Later, as we grew up, Dad would be involved in organising some special days out at the Edinburgh Festival Fringe for us. He loved the challenge of organising a day where we would start at 11.00 am and finish at 11.00 pm and have managed to cram in samples of many different types of entertainment in a day – he’d only have a whole day off every second Saturday, so it was really important to make the most of the day. So we’d start at a children’s show, have lunch with a cabaret or musical event going on round about, take in an exhibition or two if the schedule allowed, see a serious theatre piece in the afternoon, find time for tea somewhere swanky, or unusual, and then off to a Footlights performance or a revue type show and something more risqué in the late evening. We usually managed to cram in around 6 performances in the course of one of these days, and over the years we found our favourites. We’d always have ‘Instant Sunshine‘ (in the Miles Kington days) somewhere on the list, and either the Cambridge Footlights or Oxford Revue, a puppet show and the main exhibitions plus whatever The Scotsman reviews suggested was worth seeing. Was it easier to get tickets in those pre-information-revolution days?

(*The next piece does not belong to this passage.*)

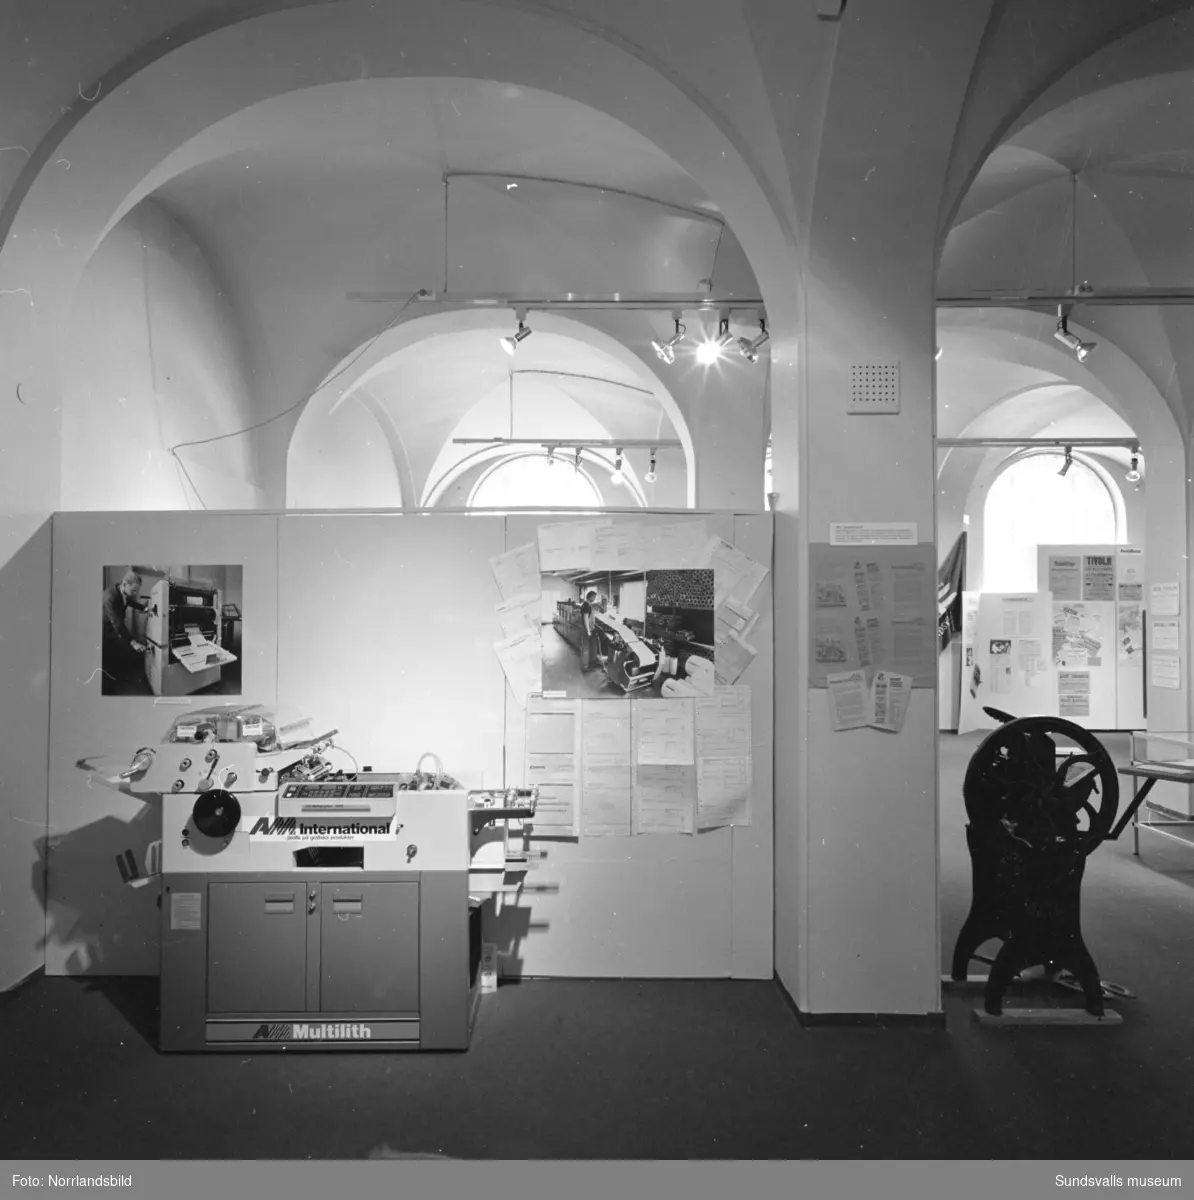 Invigning av utställningen "Tryckort Sundsvall" - en utställning om tryckerihistoria i Sundsvall arrangerad av Sundsvalls museum och Sundsvalls grafiska klubb, 7/5-28/8 1983. Det tryckta ordet 500 år. De tre sista bilderna visar en skärmutställning på postkontoret.

After the rest of the family moved away from Edinburgh for various reasons, I stayed on and by this time was working and living in the city Centre. I’d loved the format of cramming so much into a day so much, that I started working it out for myself. Finding the weekends usually too busy, I’d take a weekday off in each of the three weeks of the Festival – with the bank holiday being a given, so only two more to take out of my annual leave. I continued the pattern of trying to fit around 6 shows in during a day, and of course doing it all ‘on foot’ as the centre of Edinburgh lends itself to that too. Having discovered the power of coloured marker pens and a big piece of paper for planning, I was in stationery heaven. As soon as I got my copy of the Programme, I’d pore over it, marking all the ‘would like to see’s’ and then adding them to a big list and working out how to fit in as many as I could. It seems on reflection that there were more ‘one week runs’ then, rather than shows being on for the duration, so you had to jiggle about sorting through the lists until you had something approaching a plan, and then of course you had to go to the ticket office in person, there being no ‘on-line’ ordering in those heady days.
So here I am in 2010, the Mum now. For the last few years I’ve been taking my own children to the Edinburgh Military Tattoo. They’ve had that late night excitement, and we’ve had our turn going to the pre-school, pre-reading ‘baby’ entertainments. We’re also past the stage where one of the children is ‘too young’ and the other ‘too old’ for the majority of the children’s entertainments. And we’re also excited by the range of things we might experience – all on our doorstep, all within a short bus ride or walking distance. We’ve got our Edinburgh Festival Fringe enthusiasm back – hurray! And with the advent of the Excel Spreadsheet, and on-line ordering, we did lots of planning, sorting and ticket buying from the comfort of our home. We can’t wait for the magic to begin.